La concezione bonapartista, dunque, si pone quale trait-d’union fra classi popolari e aristocrazia, contrapponendosi al liberalismo, che rappresenta la borghesia e il nascente capitalismo industriale.

Napoleone III, non a caso, se da una parte ha inviso la reazionaria monarchia orleanlista-borbonica, ha parimenti inviso la visione degli Stati Uniti d’America, che considera una società priva di un centro politico e in balìa dei potentati economici.

Nel 1844, Luigi Napoleone Bonaparte, pubblica “L’estinzione del pauperismo”, un testo che viene considerato da autorevoli storici francesi, in particolare da Jean Sagnes, che molto si è occupato dell’argomento, una piccola Bibbia del socialismo luigi-napoleonico o bonapartista.

Jean Sagnes, storico francese in particolare di movimenti socialisti e operai, ha scritto in merito due saggi, purtroppo reperibili solo in francese e non tradotti né pubblicati in Italia, ovvero: “Les racines du socialisme de Louis-Napoleon Bonaparte” e “Napoleon III – Le parcours d’un sainst-simonien”.

Nei saggi vengono descritte le influenze di Luigi Napoleone, i suoi viaggi in Italia e in Inghilterra, nella quale conoscerà per la prima volta le tristi condizioni alle quali era sottoposta la classe operaia.

Pur non essendo un filosofo, come lo saranno invece Marx ed Engels, egli sviluppa una prima coscienza sociale e autogestionaria, vedendo nell’associazione dei lavoratori e nell’organizzazione del lavoro, le prime basi per l’emancipazione socale delle classi più povere e sfruttate.

Tali esperienze, assieme alle sua amicizie con massoni, carbonari, sansimoniani, repubblicani e montagnardi, rafforzeranno tale visione, che egli tenterà poi di portare allorquando giungerà al vertice del governo della Francia, prima come Presidente della Repubblica e, successivamente, come Imperatore.

Luigi Napoleone, come spiega Sagnes, è molto popolare fra le classi operaie e popolari, tanto che i voti al partito bonapartista sono raccolti in particolare fra quei ceti, in quanto i bonapartisti sono veri e propri sostenitori della trasformazione sociale del Paese.
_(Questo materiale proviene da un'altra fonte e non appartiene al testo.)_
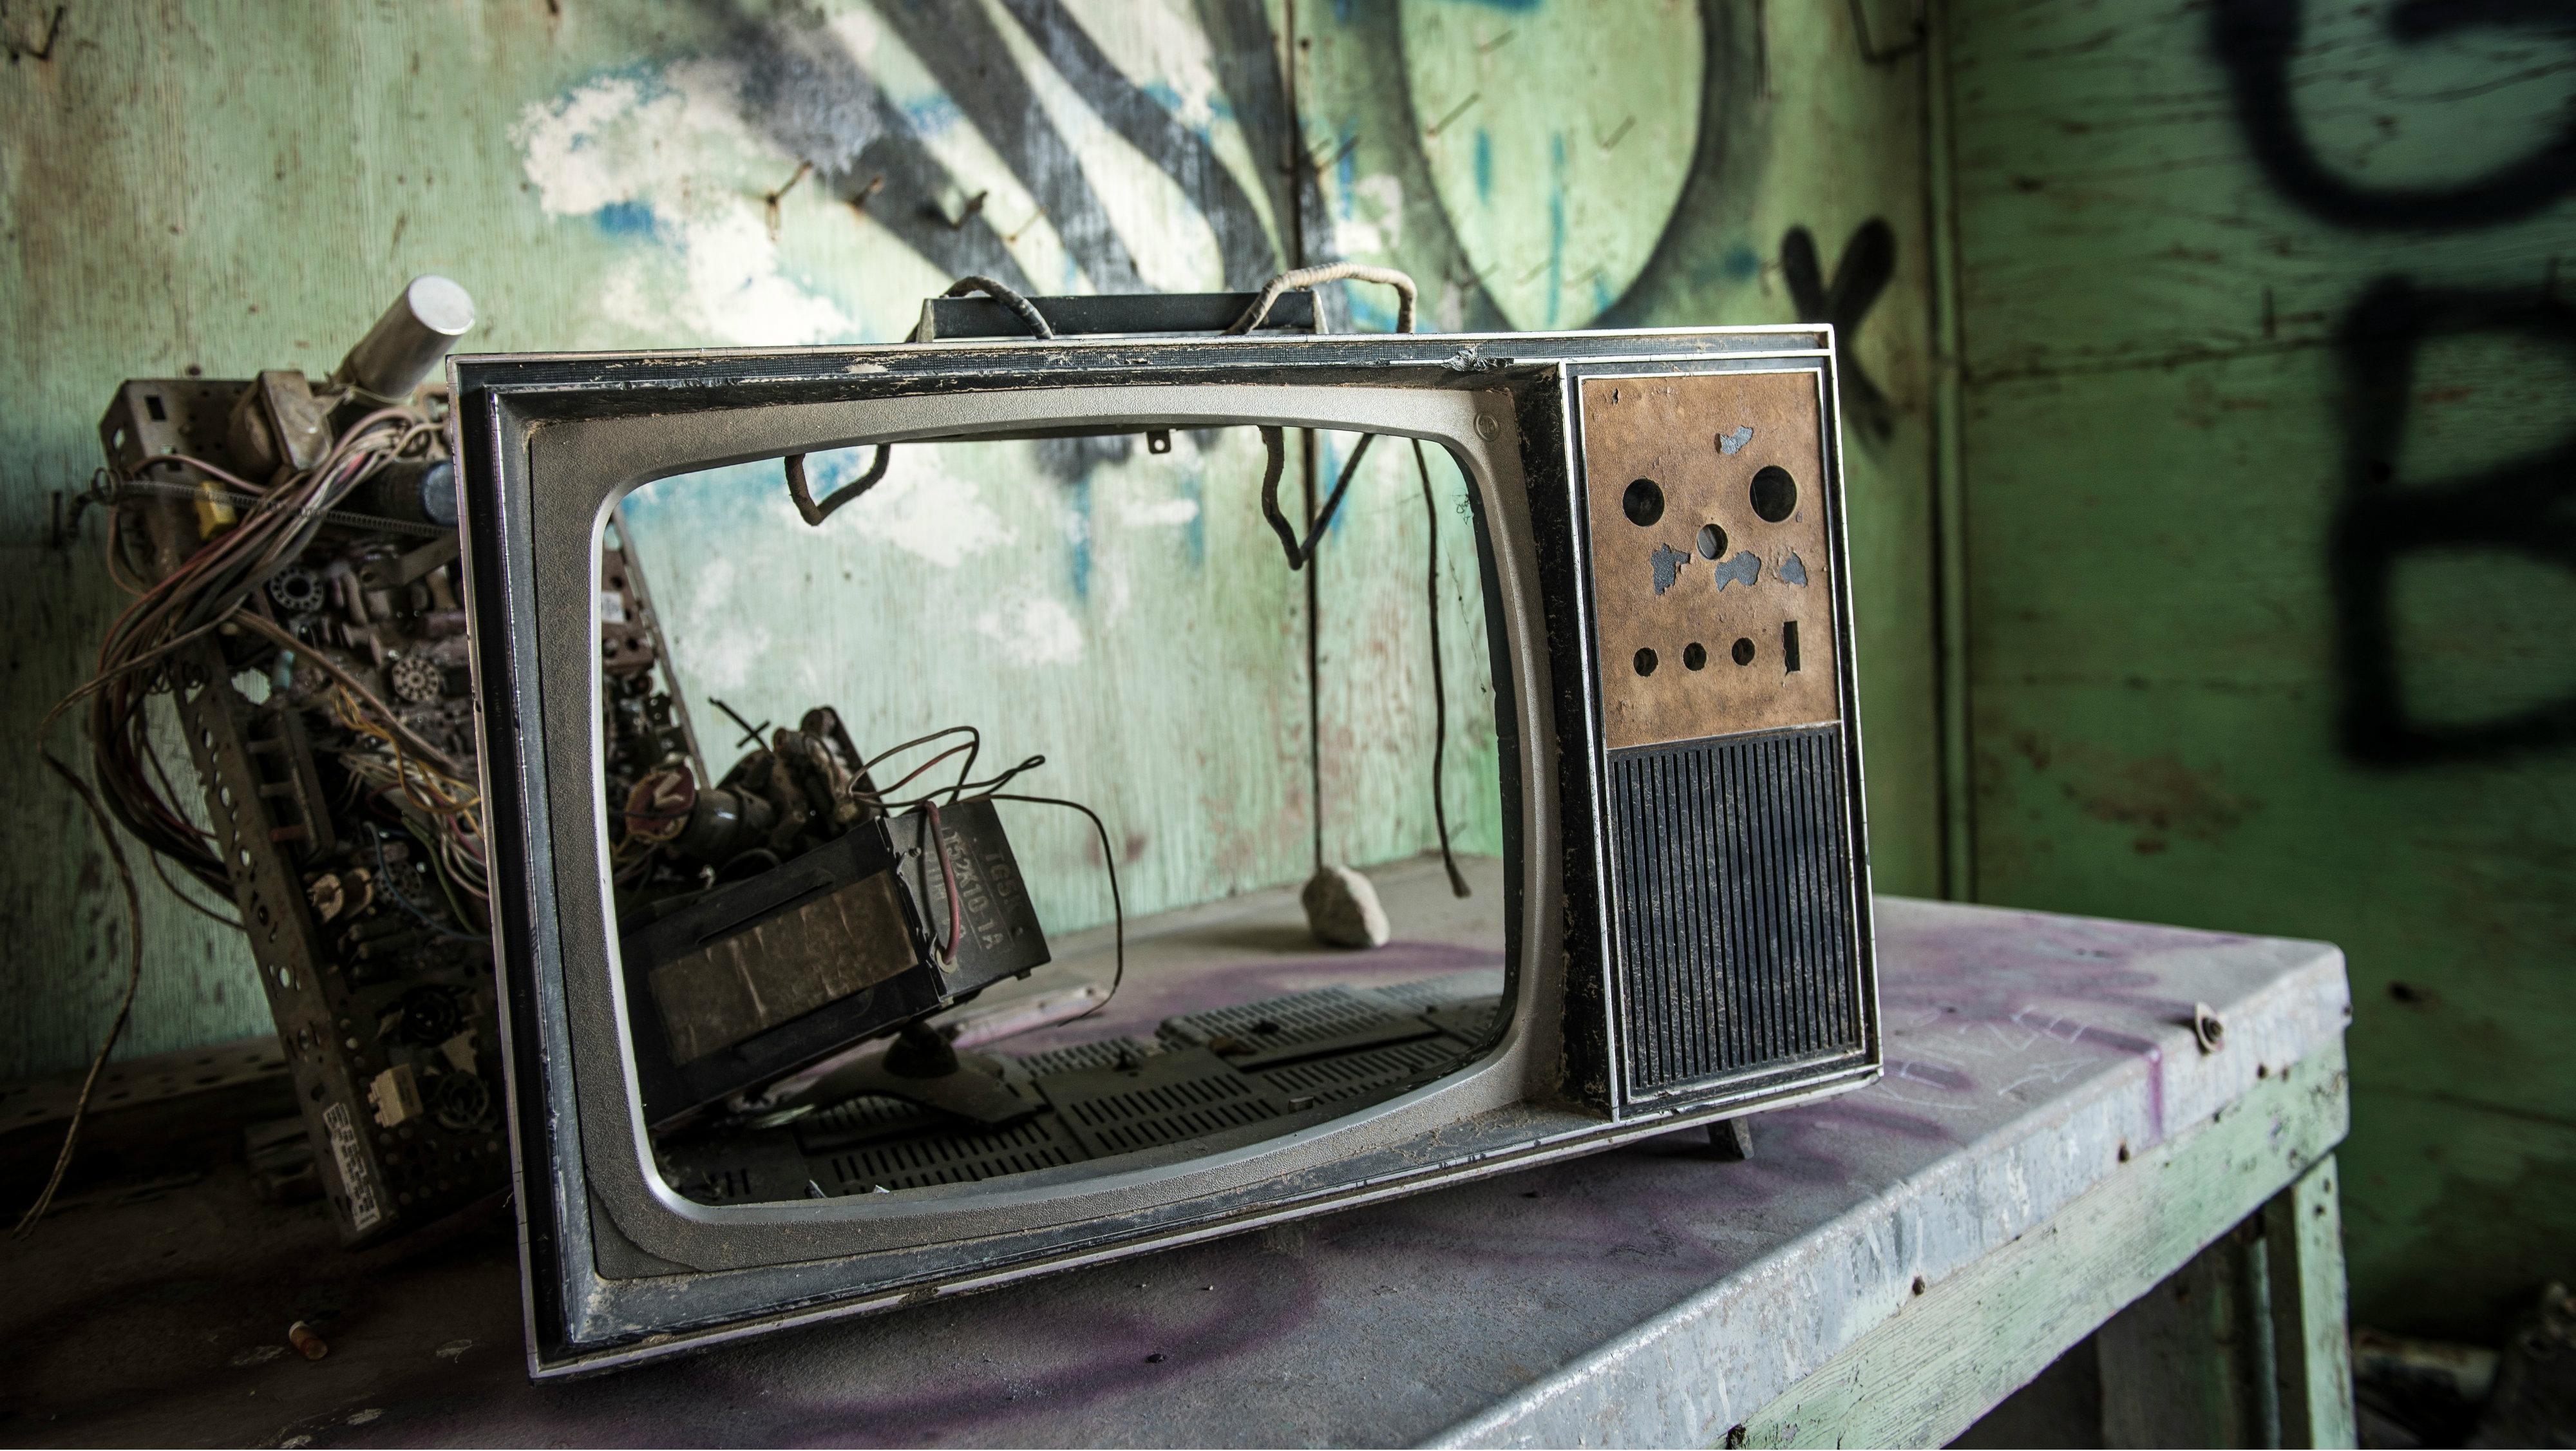 An old, broken TV.
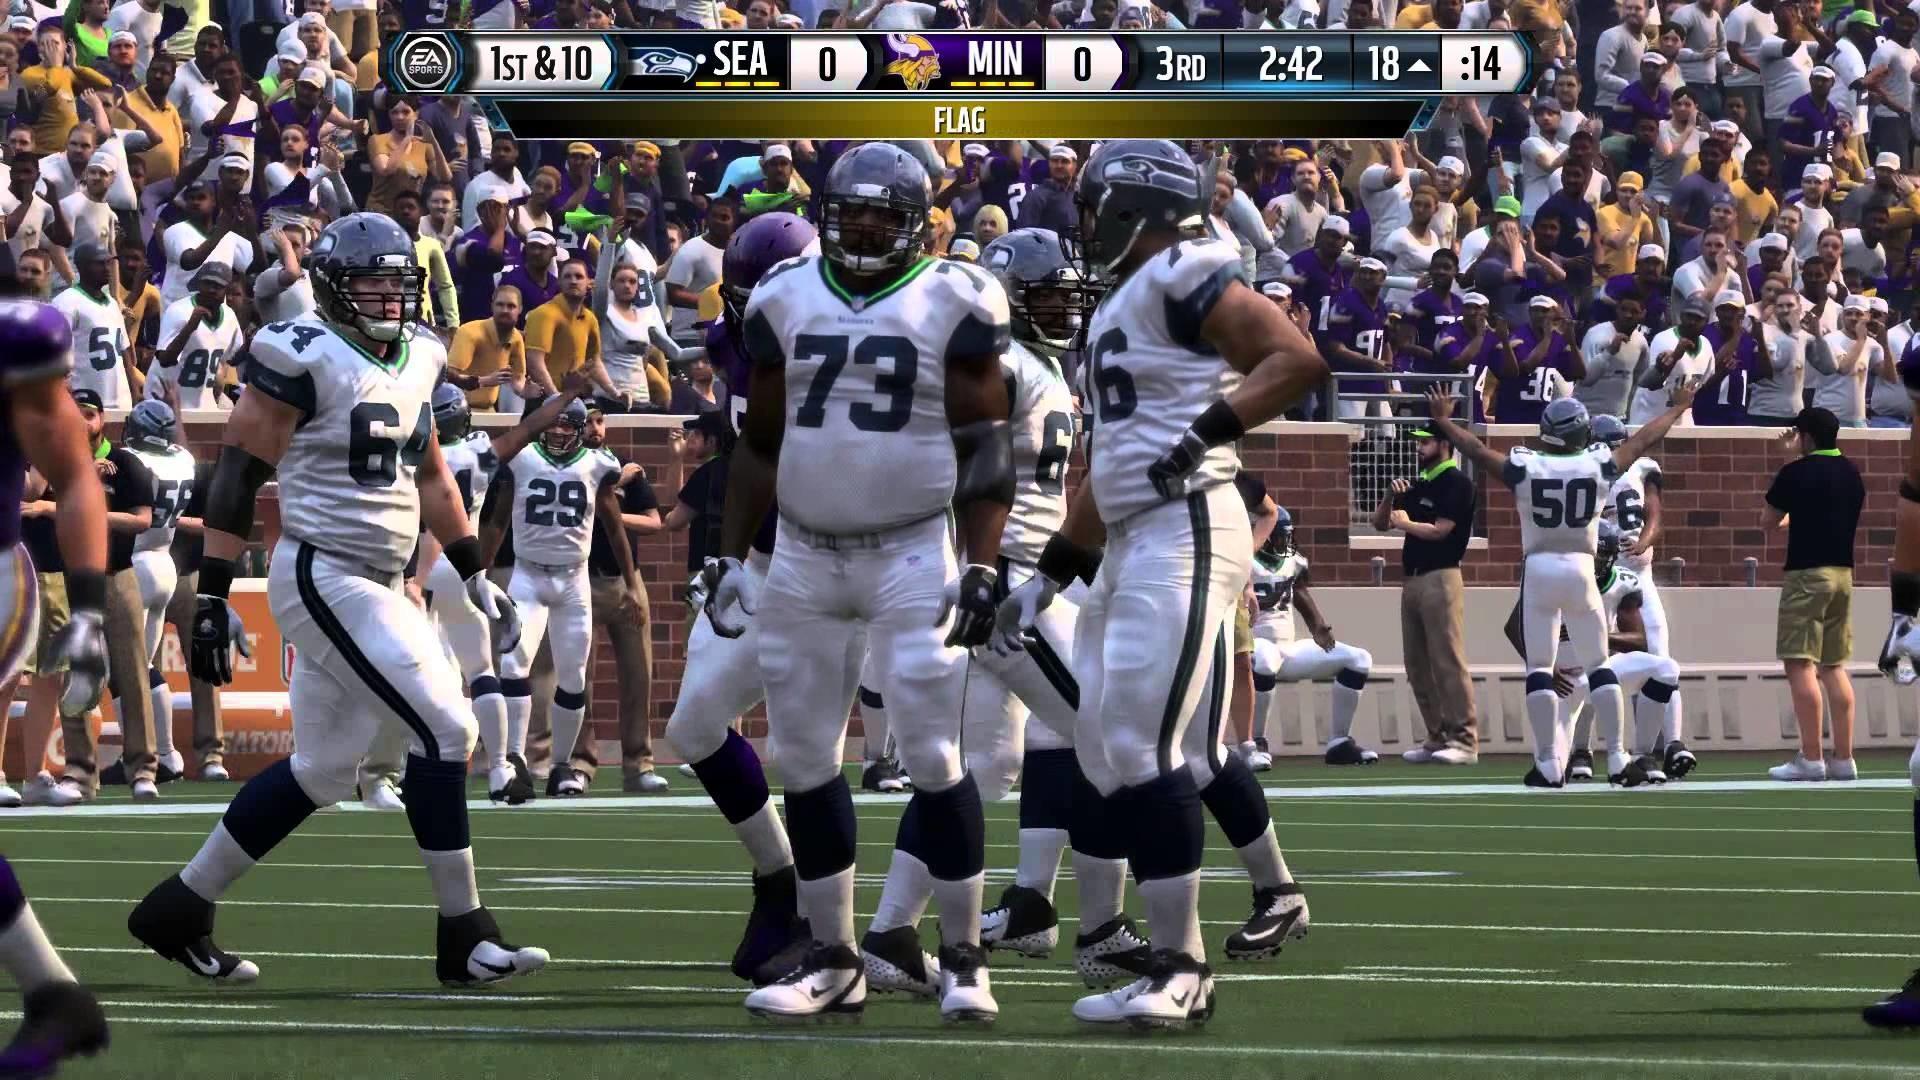 Madden 16 Jerry Rice Seahawks Career Mode Ep 13 vs Vikings

E, in tal senso, riescono facilmente a raccogliere la maggioranza assoluta dei seggi dell’Assemblea legislativa, lasciando le briciole ai monarchici orleanisti e ai repubblicani.

Il programma bonapartista è, infatti, in gran parte ispirato alle teorie socialise dell’epoca. In particolare l’attuazione di grandi opere grazie all’azione diretta dello Stato.

Sotto i governi di Napoleone III viene, infatti, introdotto il suffragio universale; abolito il lavoro la domenica e i giorni festivi; vengono creati crediti per aiutare gli agricoltori; create società di mutuo soccorso; introdotti gli ispettori del lavoro; viene creato il pensionamento per i dipendenti pubblici; vengono concesse onoreficenze a operai e donne; vengono istituiti ospedali e asili per disabili; vengono rimboschite le brughiere della Guascogna; viene attuata l’idea di associazione capitale/lavoro nel feudo di Solferino di proprietà di Napoleone III; i sindacati vengono autorizzati e viene introdotta una legge sulle società cooperative; vengono introdotte le scuole primarie gratuite anche per le ragazze.

Queste solo alcune delle riforme attuate dall’Impero di Napoleone III dal 1852 al 1870, anno della sua caduta, a causa della sconfitta nella guerra franco-prussiana della Francia.

E tutto ciò, come spiegato anche nei saggi di Jean Sagnes, contribuì ad innalzare il tenore di vita della popolazione francese.

Sagnes non tace gli aspetti più repressivi dell’Impero di Napoleone III, ma sottolinea come tale repressione non sia mai stata diretta contro la classe operaia, in quanto non è considerata affatto pericolosa.

Napoleone III, dunque, cerca di unire nel suo governo: giustizia sociale, autorità, armonia e sovranità nazionale, attraverso una saggia amministrazione.

Marx sarà un acceso critico di Napoleone III e della sua ascesa al potere, così come lo sarà anche del socialismo sansimoniano e di Robert Owen, che classificherà come “utopista”.

Ad ogni modo, sarebbe ingeneroso non considerare Luigi Napoleone Bonaparte, il Principe-Presidente-Imperatore, pur con tutti i suoi limiti e contraddizioni (non ultima l’invasione e deposizione della democratica Repubblica Romana, di ispirazione mazzinana e garibaldina del 1849) come parte integrante della Storia del socialismo e dell’emancipazione delle classi oppresse nella Francia del XIX secolo.